Sokol v. Bernstein

Decision Date28 October 1986
Docket NumberNo. 85-6357,85-6357
Citation803 F.2d 532
Parties, 7 Employee Benefits Ca 2321 Bernice SOKOL, Plaintiff-Appellee, v. Jacob L. BERNSTEIN, M.D., Defendant-Appellant.
CourtU.S. Court of Appeals — Ninth Circuit

James E. Hornstein, Greenberg, Glusker, Fields, Claman & Machtinger, Los Angeles, Cal., for plaintiff-appellee.

Stuart R. Mandel, Beverly Hills, Cal., for defendant-appellant.

On Appeal from the United States District Court for the Central District of California.
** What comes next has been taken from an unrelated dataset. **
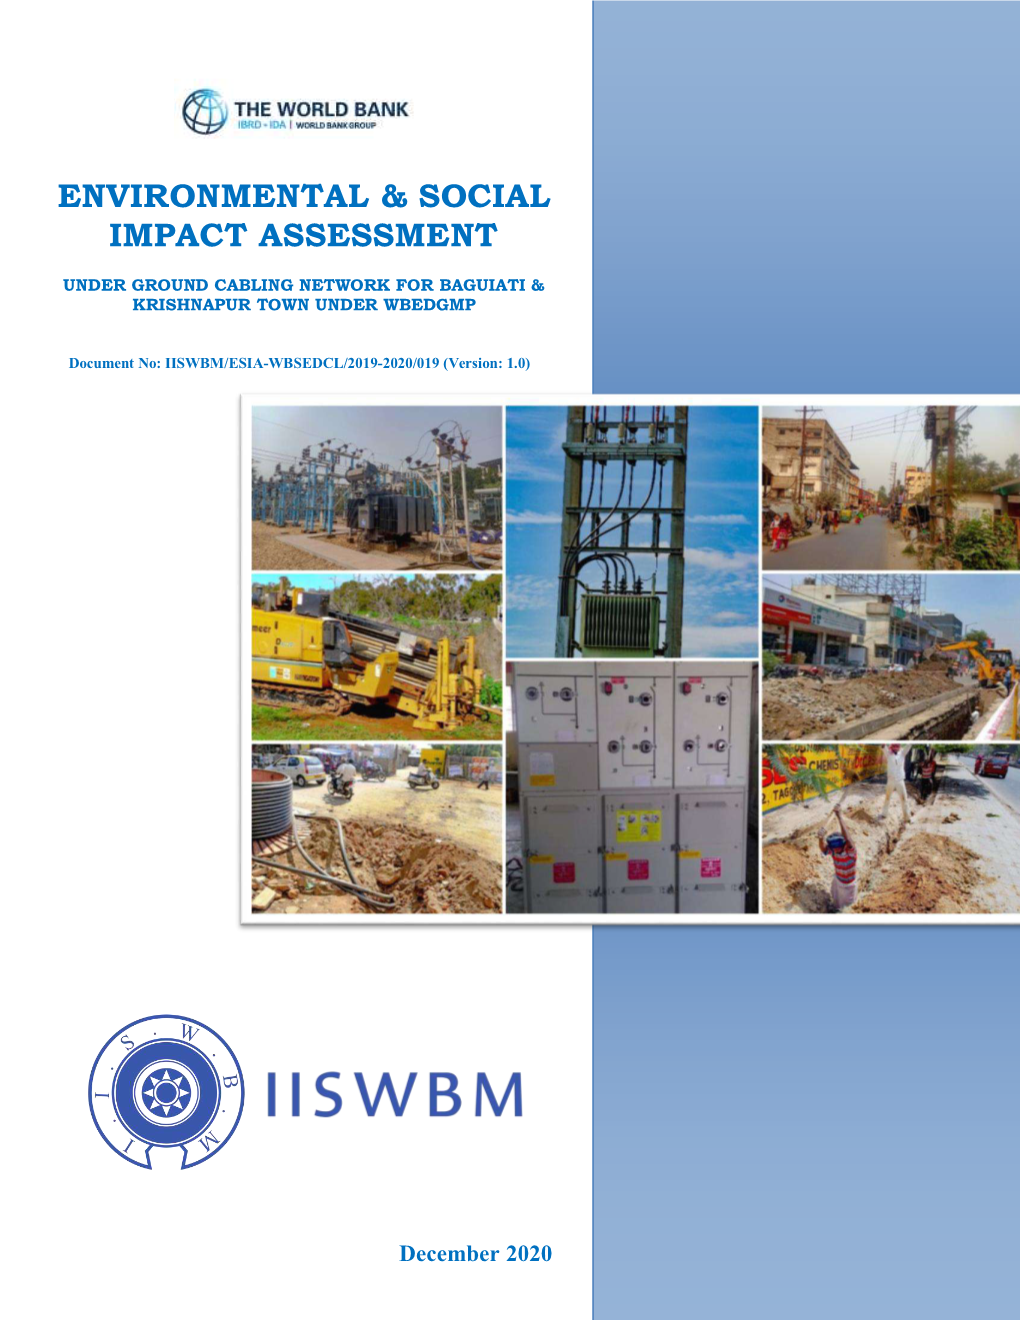 Environmental & Social Impact Assessment

Before PREGERSON and HALL, Circuit Judges, and ORRICK, * District Judge.

ORRICK, District Judge:

The chief question presented in this case is whether a beneficiary of a pension plan governed by the Employee Retirement Income Security Act of 1974 ("ERISA"), 29 U.S.C. Secs. 1001 et seq., can recover extra-contractual damages, such as damages for emotional distress, caused by the arbitrary and capricious acts of the trustee of the plan. We hold that such extra-contractual damages cannot be recovered, and hence we reverse and remand.

I

Plaintiff-Appellee, Bernice Sokol, is the widow of Defendant-Appellant Jacob Bernstein's partner in medical practice. She is the sole beneficiary of her husband's pension plan, which Bernstein administered. Sometime in early 1982, Bernstein ordered the plan's trustee to distribute to Sokol the benefits in her account. The district court found that this disbursement violated an express written agreement dated December 6, 1979, to the effect that the funds would be distributed to Sokol only upon her request.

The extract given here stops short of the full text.